The uncomfortable truth is that while Israel used to be the unifying factor of our community, now it threatens to divide us. As renowned sociologist Steven M. Cohen recently wrote: “Instead of the near-unanimous support Jews once gave Israel’s elected leaders, both left-leaning and right-leaning American Jewish activists regularly cross swords with Israelis and each other, sometimes in ways that can get personal and nasty. American Jewish opinion toward Israel today is fractured and will only, it seems, continue to fracture.” 

This division will have devastating repercussions for Israel, on the American relationship with Israel, and on engagement in the Jewish community overall.

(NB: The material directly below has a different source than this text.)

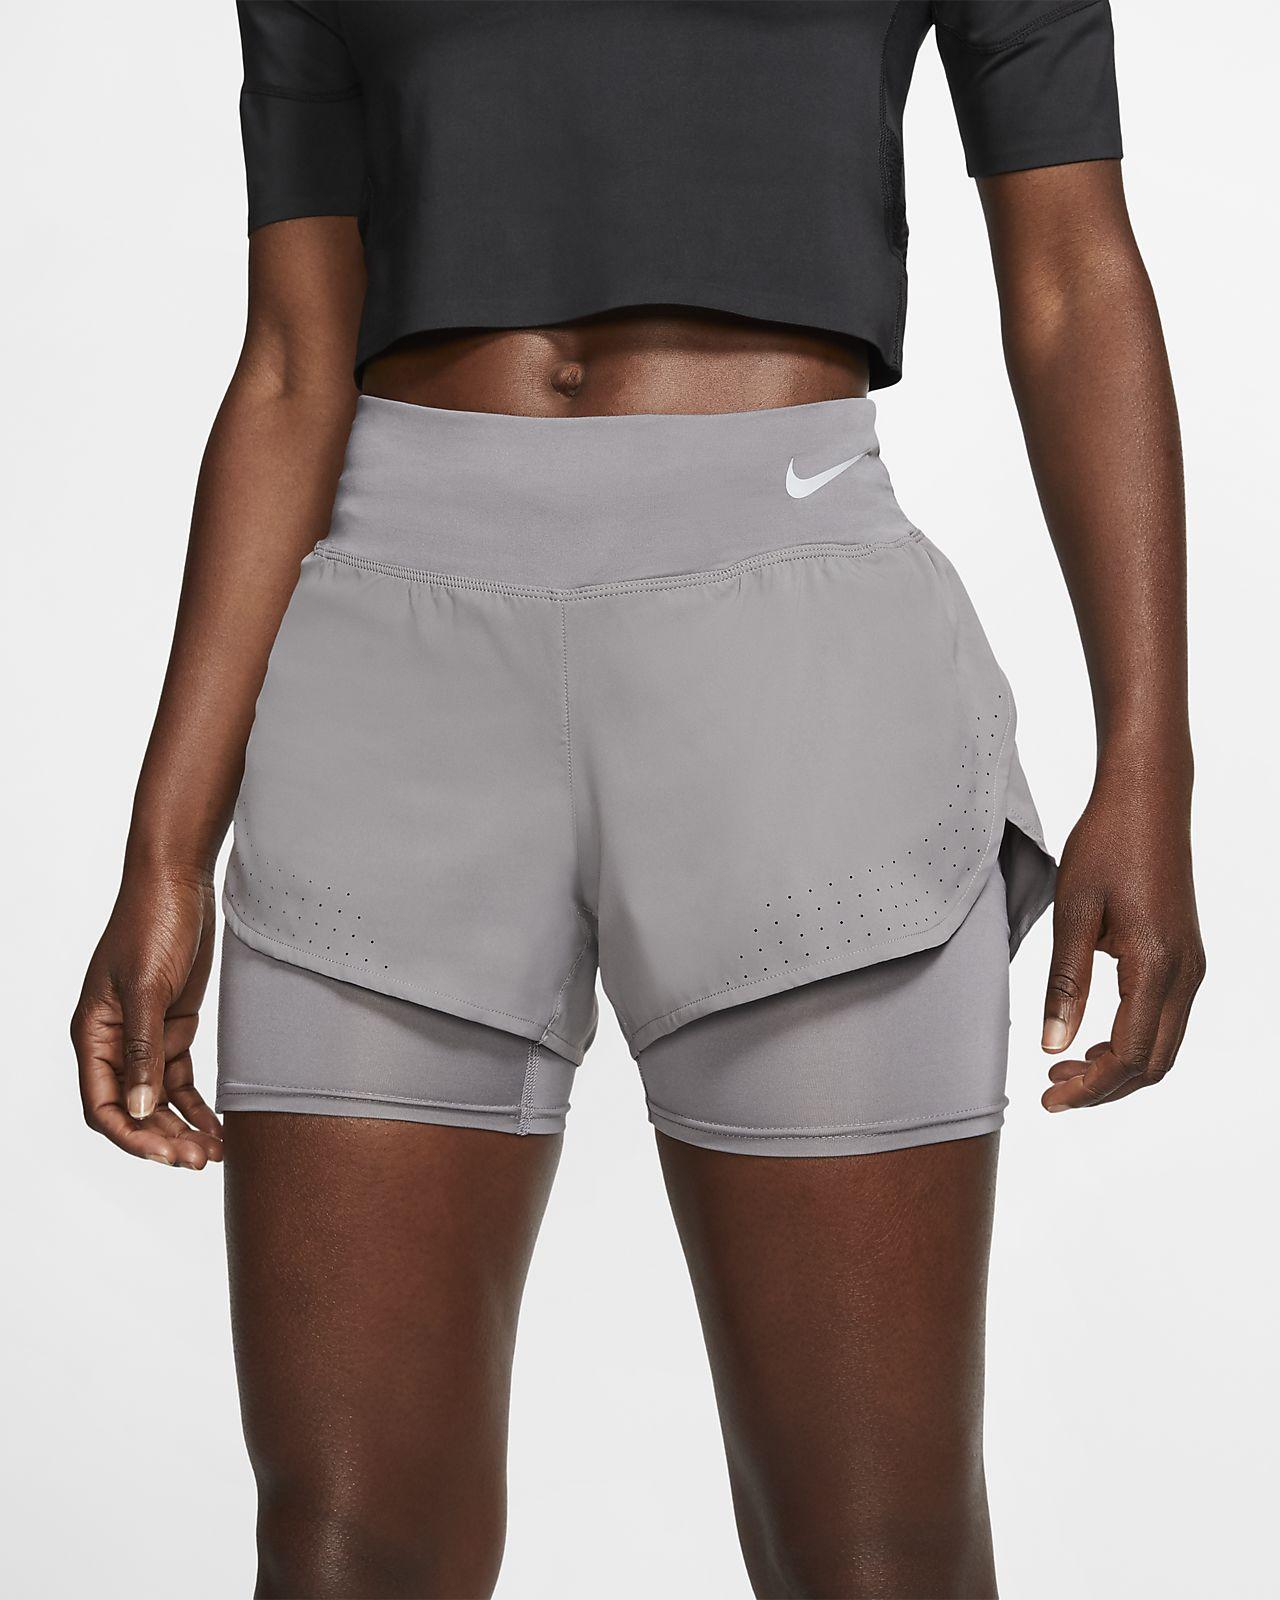 Short de running 2-en-1 Nike Eclipse pour Femme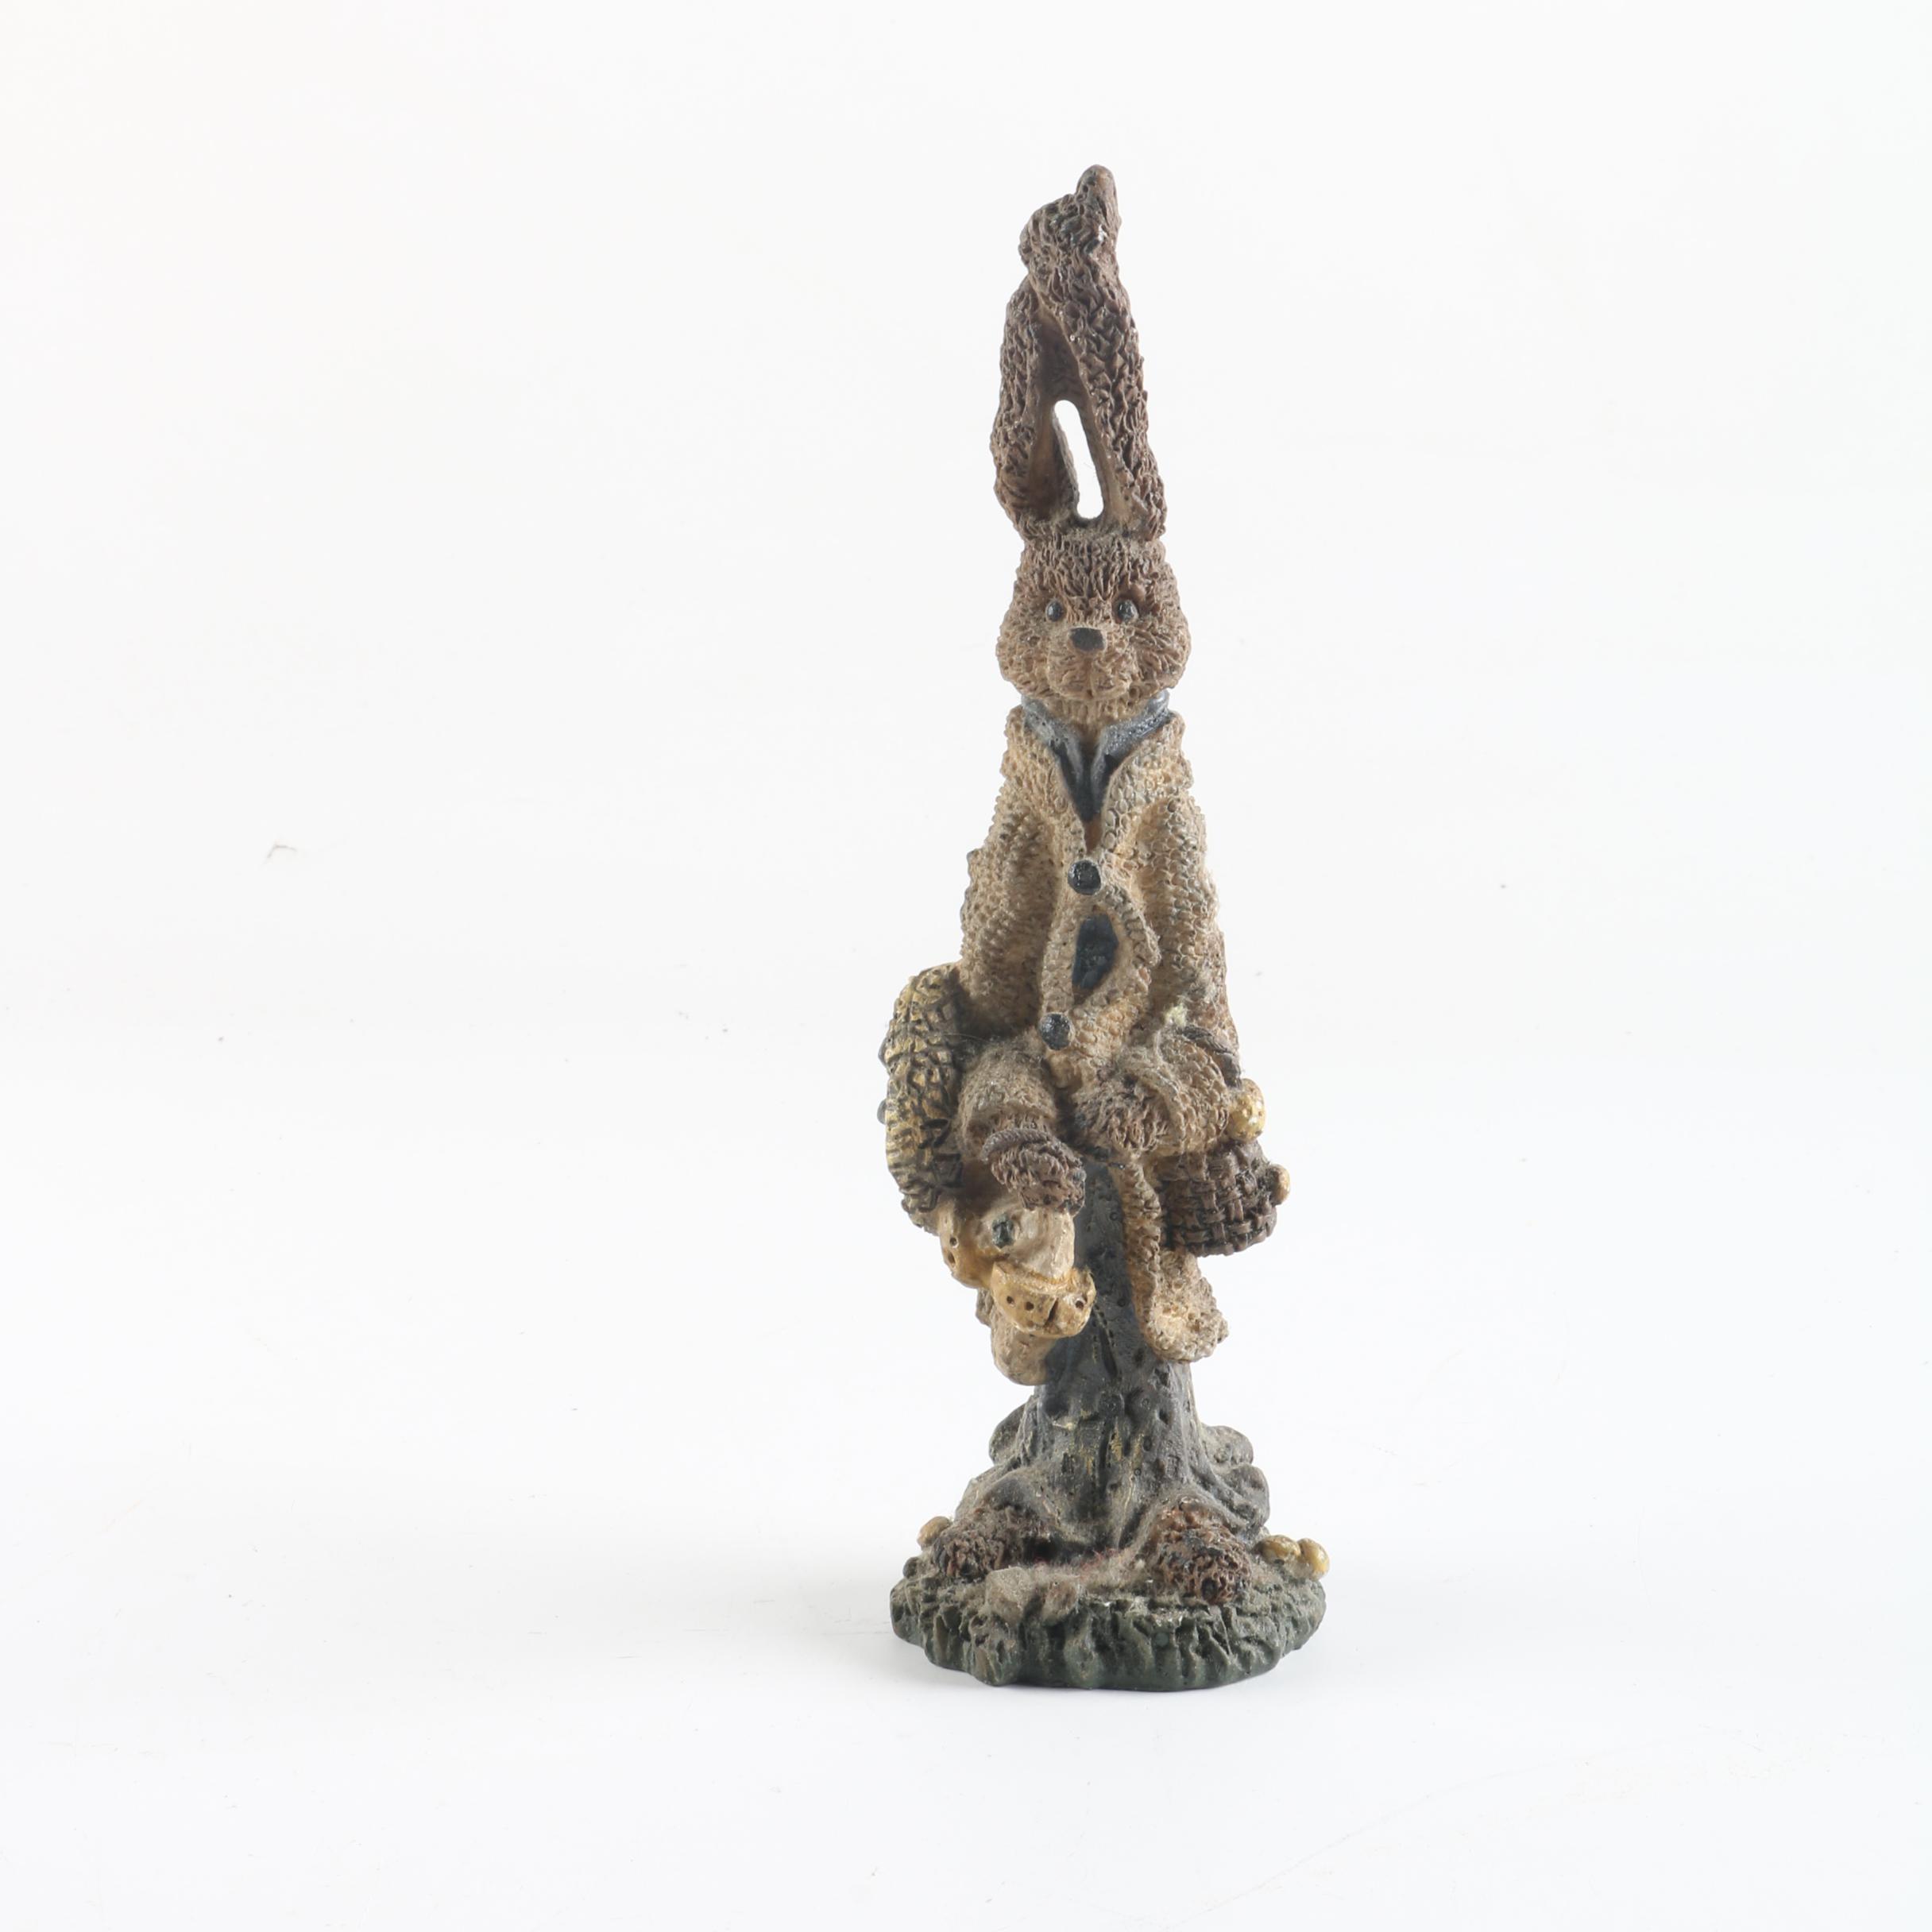 Resin Rabbit Figurine

This year marks the 50th anniversary of the 1967 Six-Day War. This war of defense, sparked by the Egyptian blockade of the Straits of Tiran, and the ensuing victory and reunification of Jerusalem represent to some in our community a miracle on par with those we commemorate on Hanukkah and Purim. For others, it is proof of the first flowerings of messianic redemption. And for others, it represents the genesis of an internal conflict between support for the Jewish State and the democratic ideals it espouses with perceptions of how the state has managed its military control over the territories rightfully captured as a defensive move during the Six-Day War.

For each of these individuals, their views stem from a deep and profound love for Israel.

The Jewish Community Relations Council is committed to fostering respectful discourse and open spaces within which disparate voices in our community may be heard. We believe it is through disagreement and dissent that we garner greater understanding and overcome obstacles in order to work together to ensure that Israel remains Jewish, just, democratic, and secure. 

To that end, last year the JCRC received a generous strategic grant from the Jewish Federation of St Louis to do just that. Over the course of this jubilee year, we will be running community programs and distributing micro-grants to empower others in St Louis to create their own programming with the goal of fostering dialogue around Israel and the half-century that has elapsed since 1967. We hope that this will produce a multitude of dynamic and diverse programs to captivate the entire community. 

The pluralism of voices in our community with regard to Israel is one of our greatest strengths. In our rapidly changing world, we cannot afford to take any of those strengths for granted.